> **WHAT THIS TASK INVOLVES**: Set down, exactly as written, the lines from the line holding "Купить красное платье с пышной юбкой" to the end of the data, inclusive, skipping any pictures.

> **SUPPLIED DATA**:
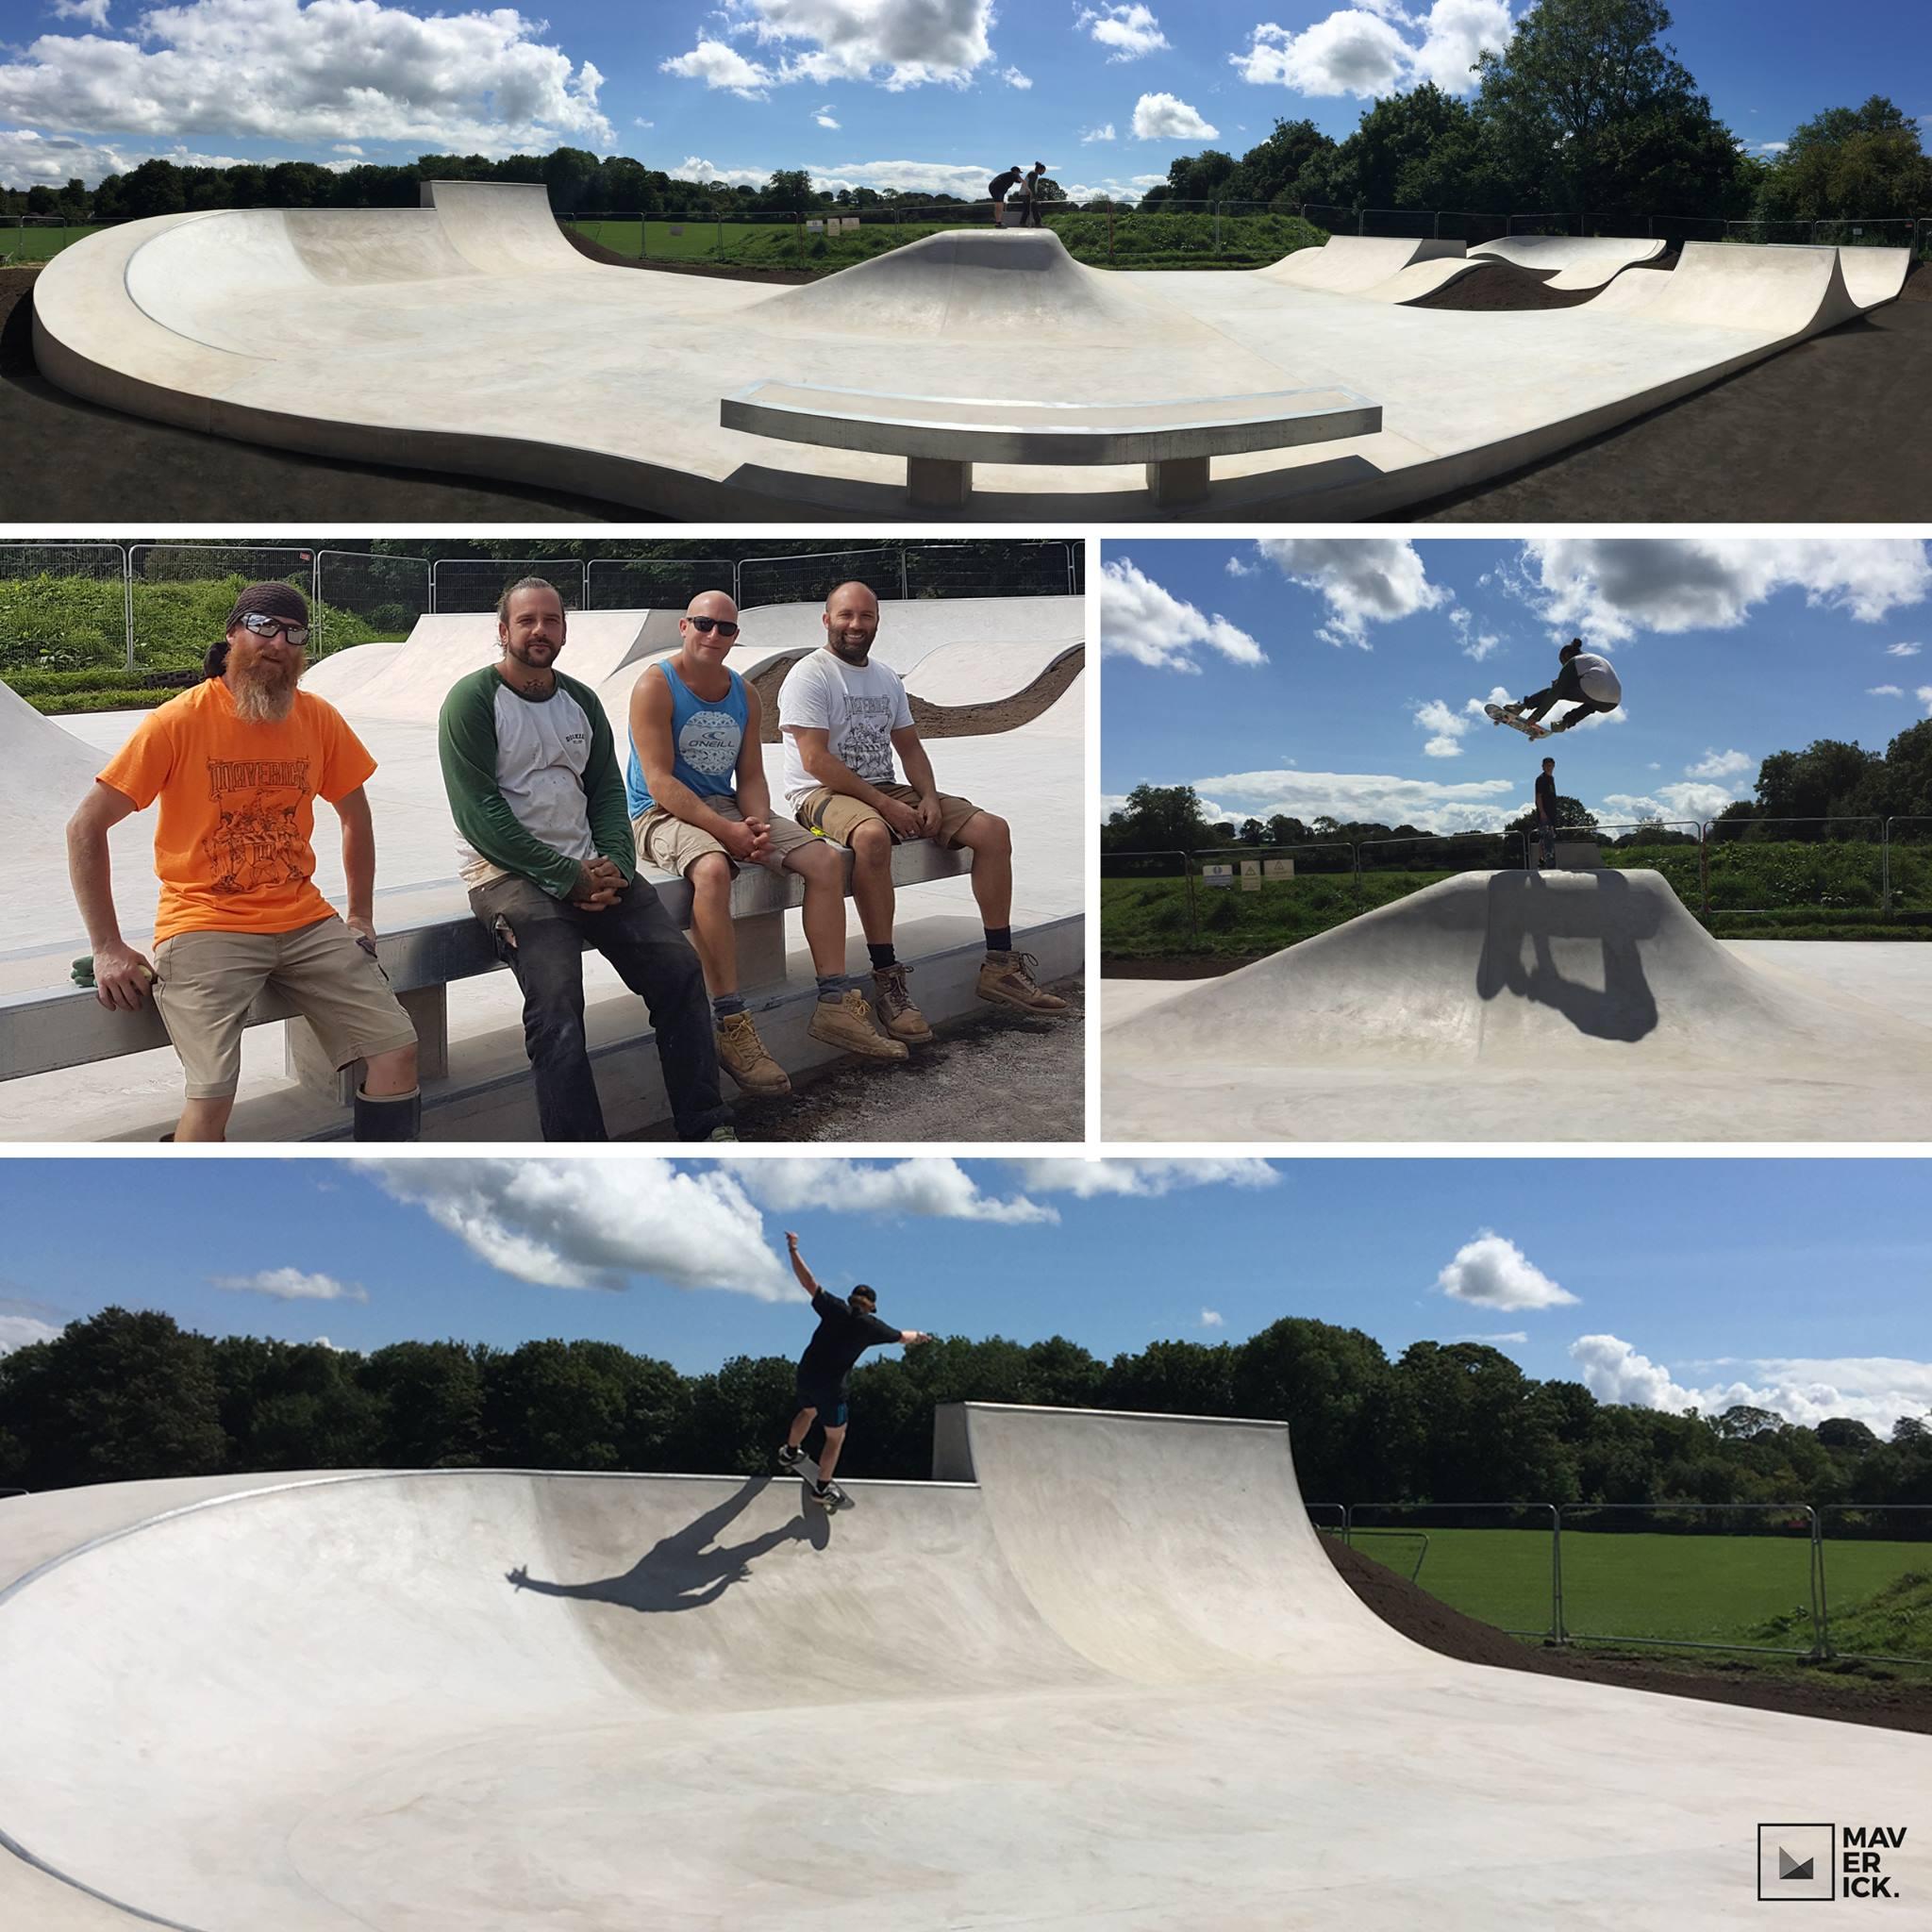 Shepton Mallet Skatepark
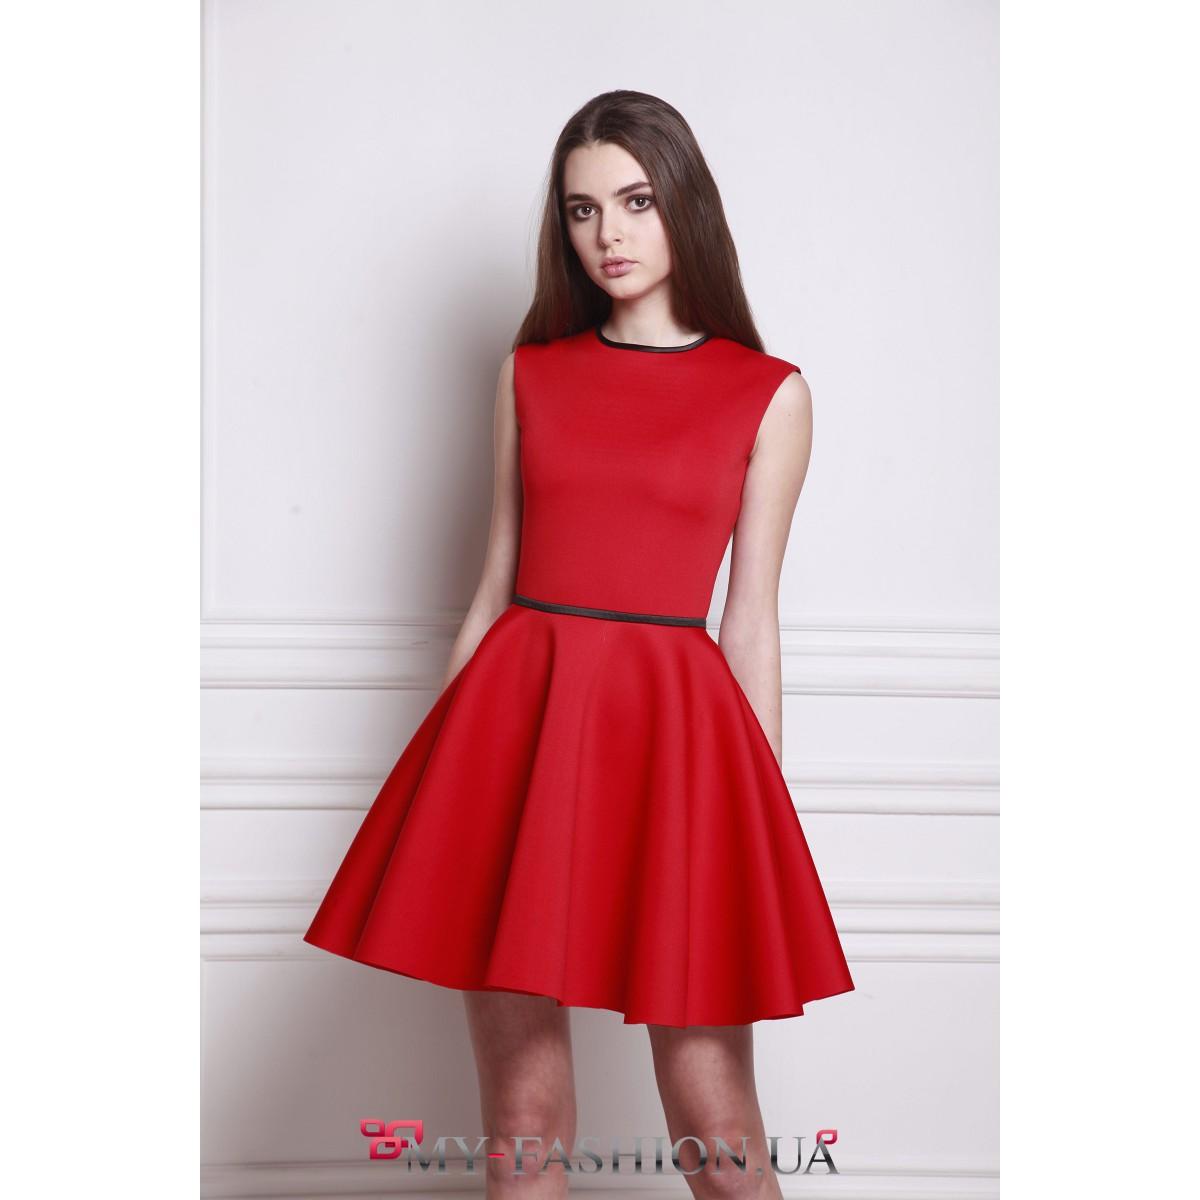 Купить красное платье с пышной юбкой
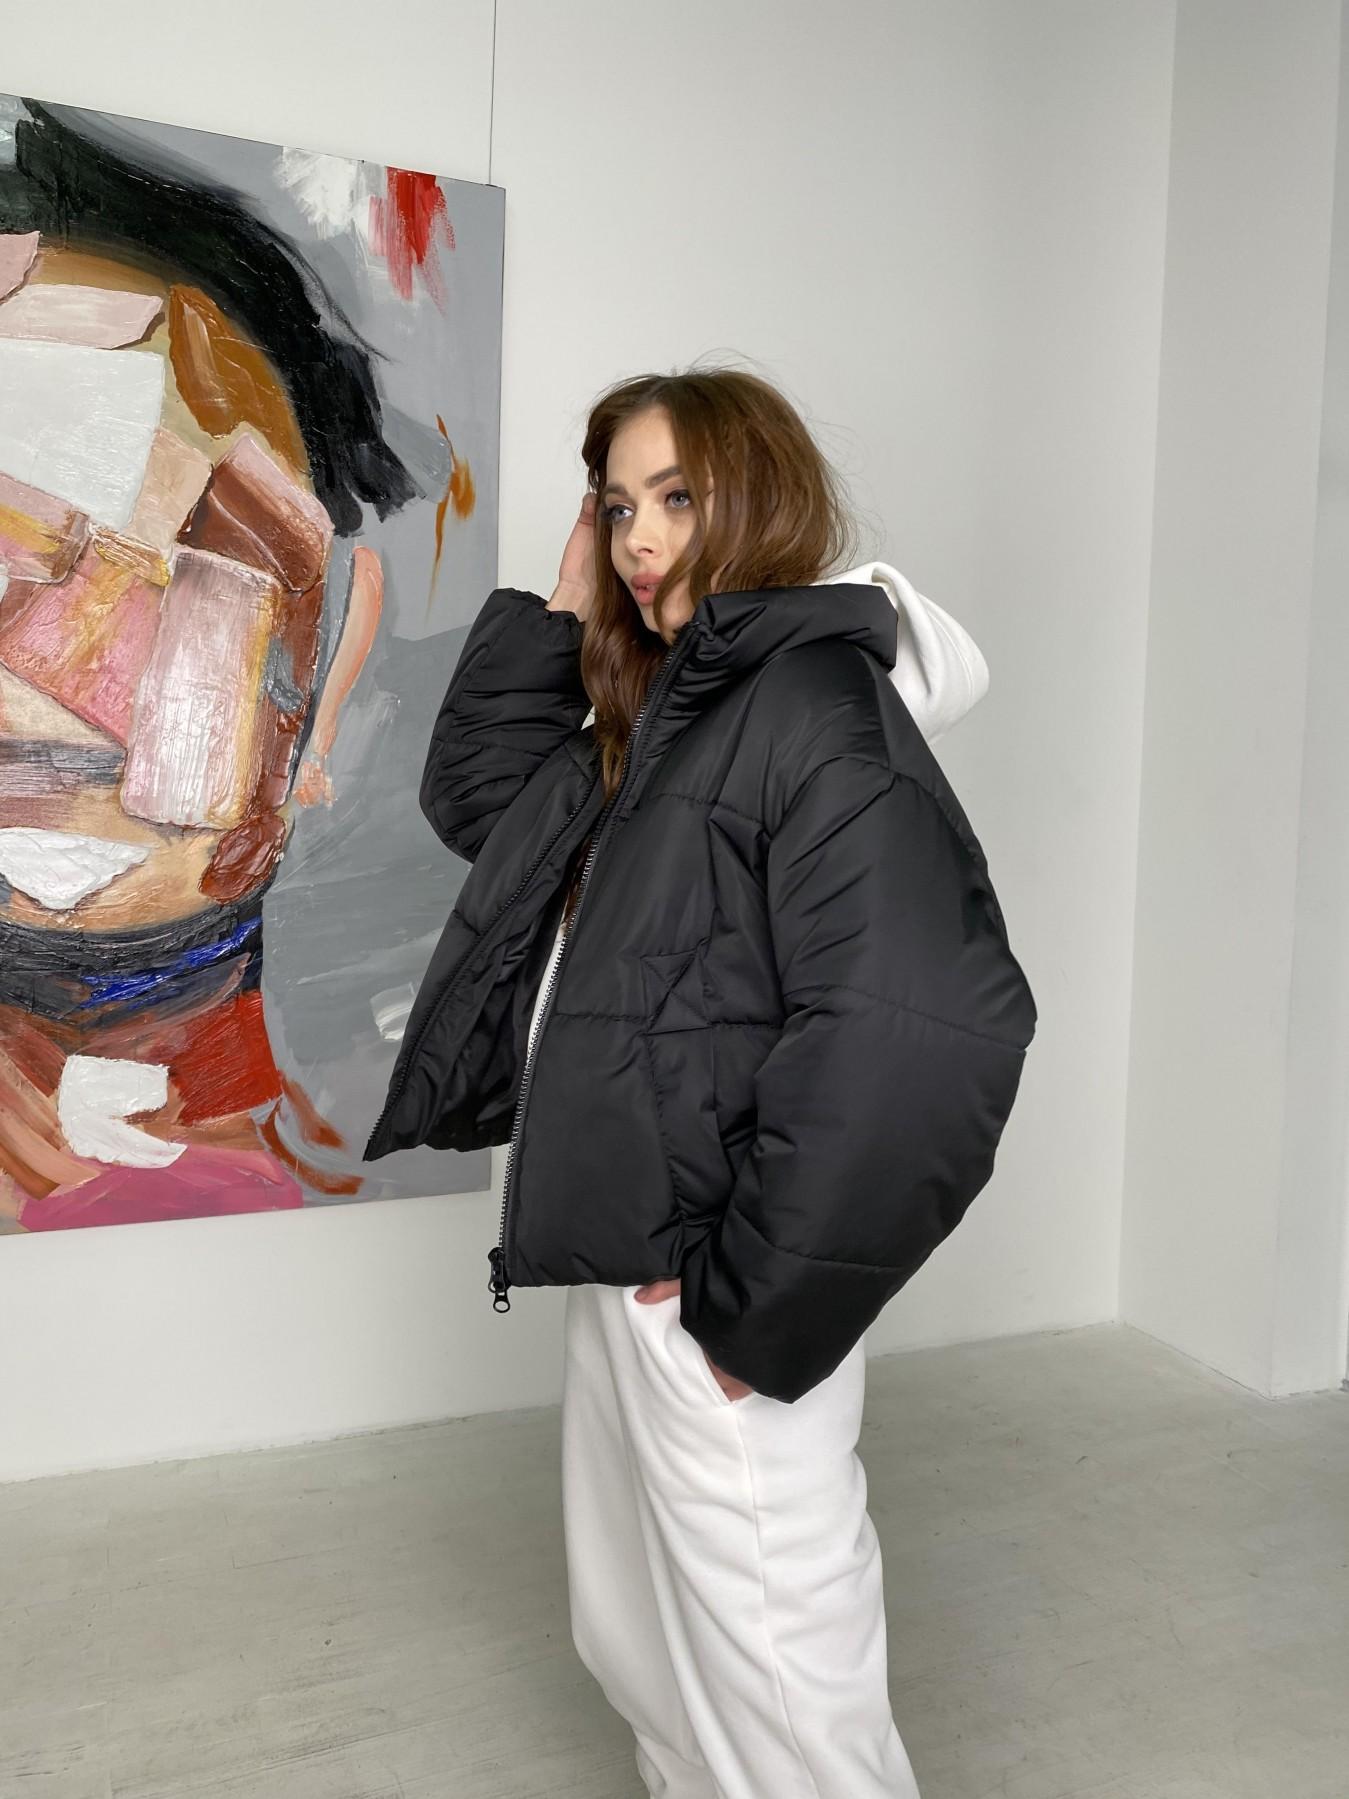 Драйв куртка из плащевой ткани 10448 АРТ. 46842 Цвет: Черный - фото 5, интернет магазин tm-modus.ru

> **FINAL ANSWER**:
 Купить красное платье с пышной юбкой
 Драйв куртка из плащевой ткани 10448 АРТ. 46842 Цвет: Черный - фото 5, интернет магазин tm-modus.ru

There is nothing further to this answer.